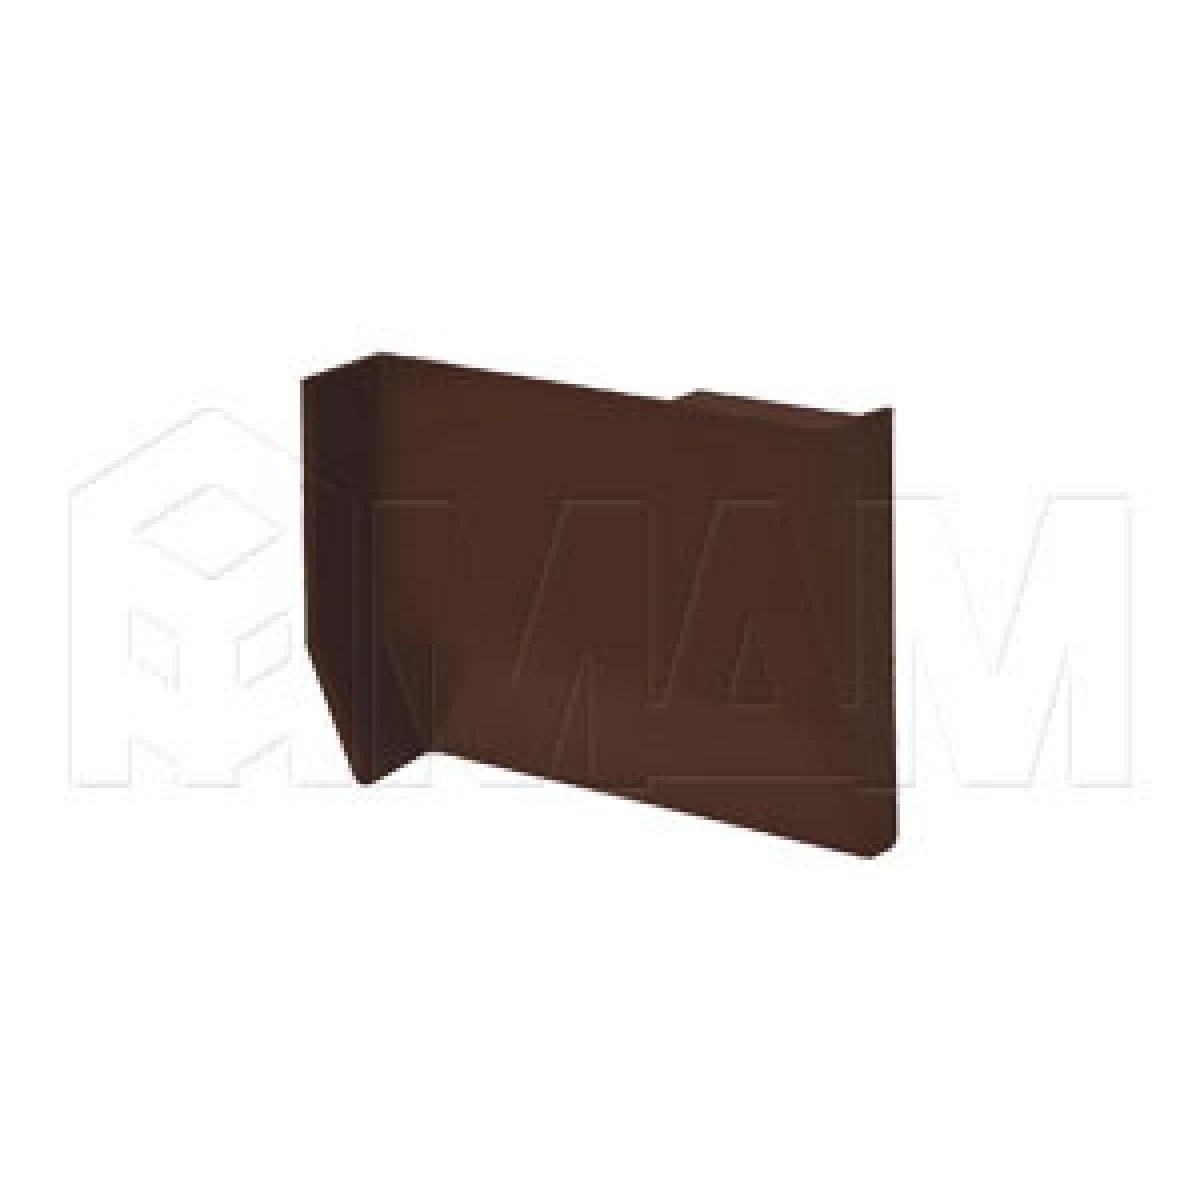 801 Заглушка для мебельного навеса, пластик, темно-коричневая, левая
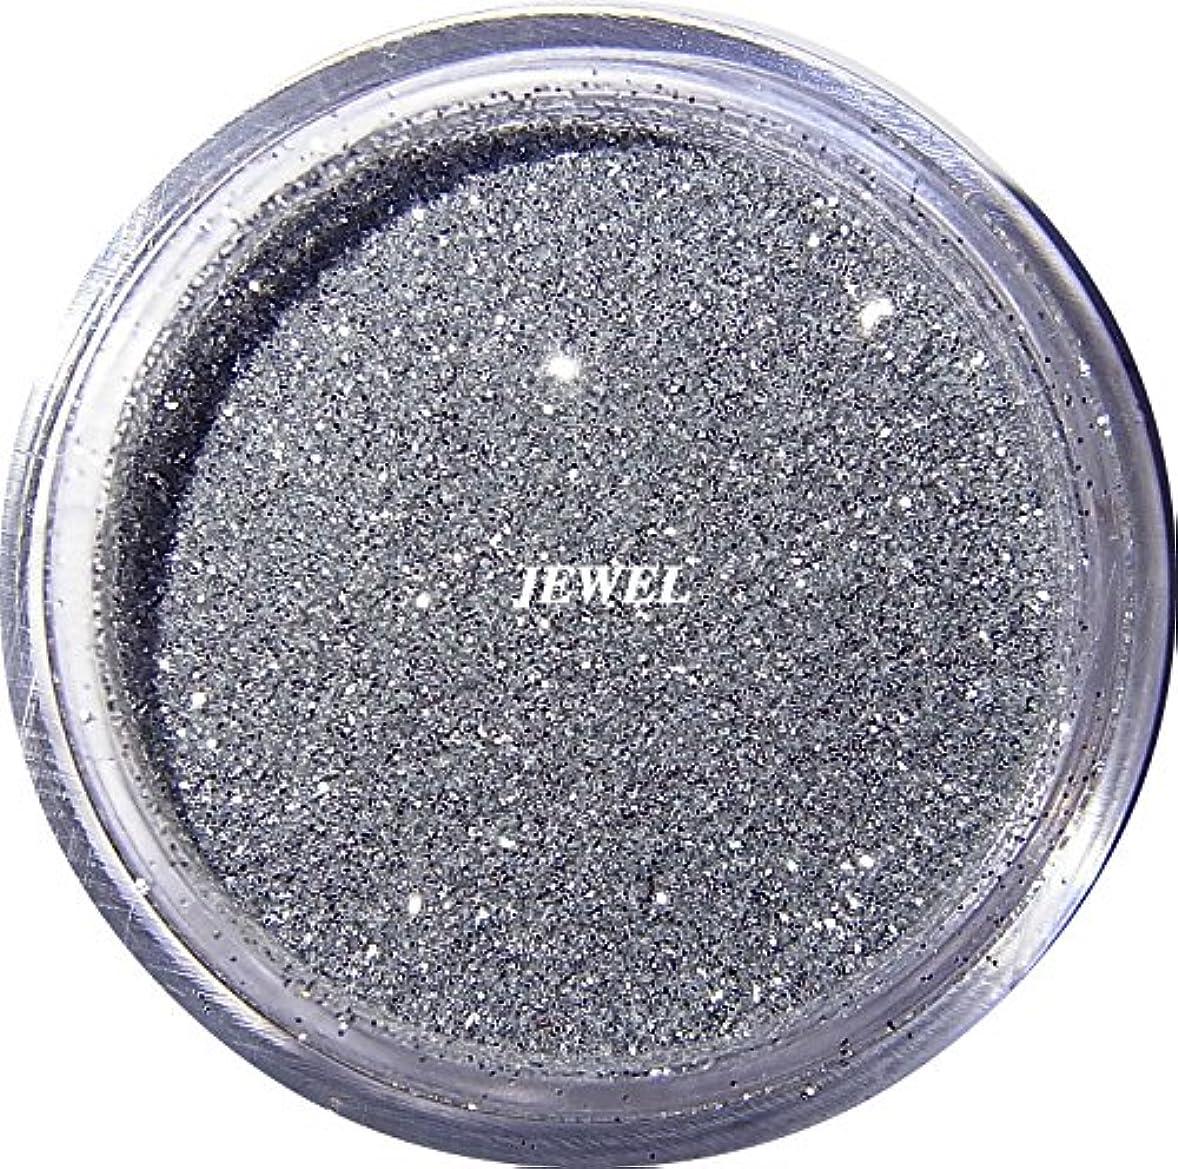 破滅警察署不安定な【jewel】 超微粒子ラメパウダー(銀/シルバー) 256/1サイズ 2g入り レジン&ネイル用 グリッター
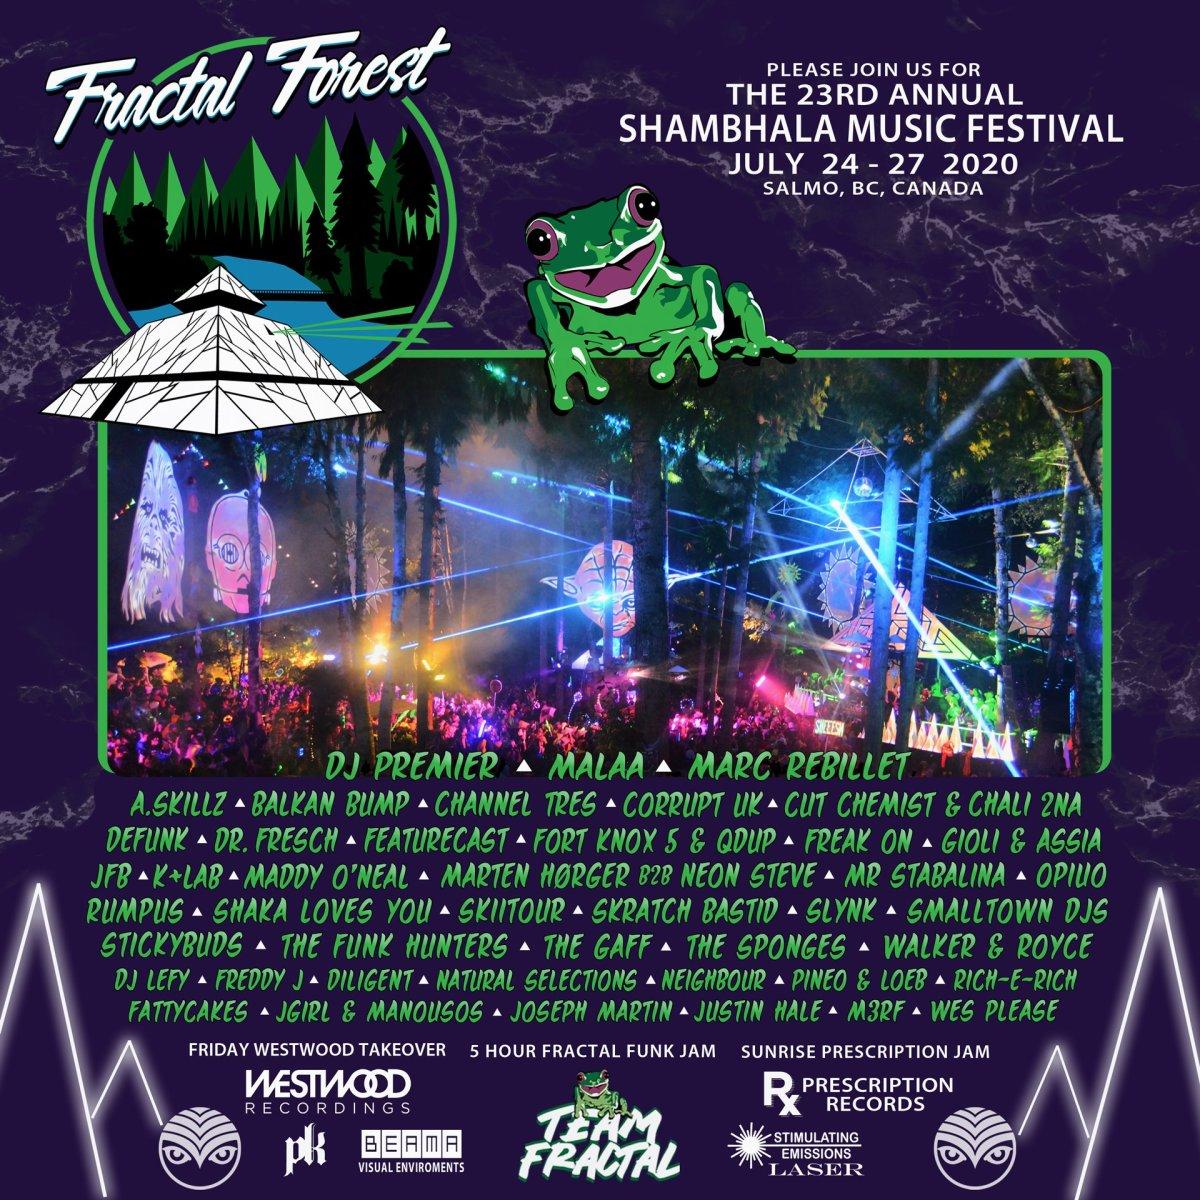 Shambhala Music Festival Fractal Forest Lineup 2020
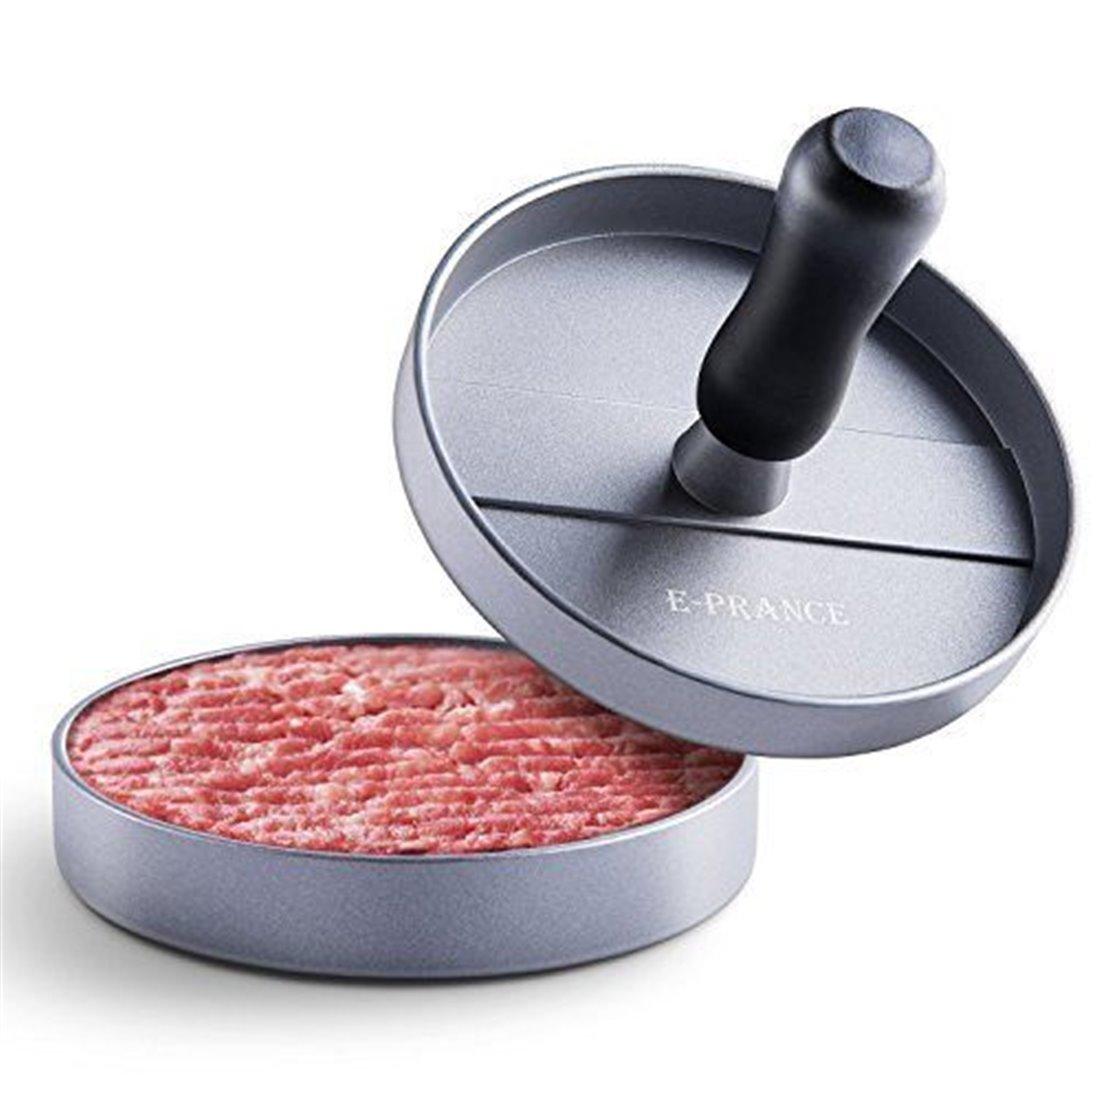 E-PRANCE Presse À Burgers Steak Haché Hamburger presse Burger Press Hamburger Maker aluminium avec revêtement anti-adhésif, i

::::::

WHAT YOU NEED TO DO » Set down exactly the lines between the one with "破滅警察署不安定な【jewel】 超微粒子ラメパウダー(銀/シルバー) 256/1サイズ" and the last line of the material above, both included, but none of the pictures.

SOLUTION FOR THIS TASK »
 破滅警察署不安定な【jewel】 超微粒子ラメパウダー(銀/シルバー) 256/1サイズ 2g入り レジン&ネイル用 グリッター
 Shambhala Music Festival Fractal Forest Lineup 2020
 E-PRANCE Presse À Burgers Steak Haché Hamburger presse Burger Press Hamburger Maker aluminium avec revêtement anti-adhésif, i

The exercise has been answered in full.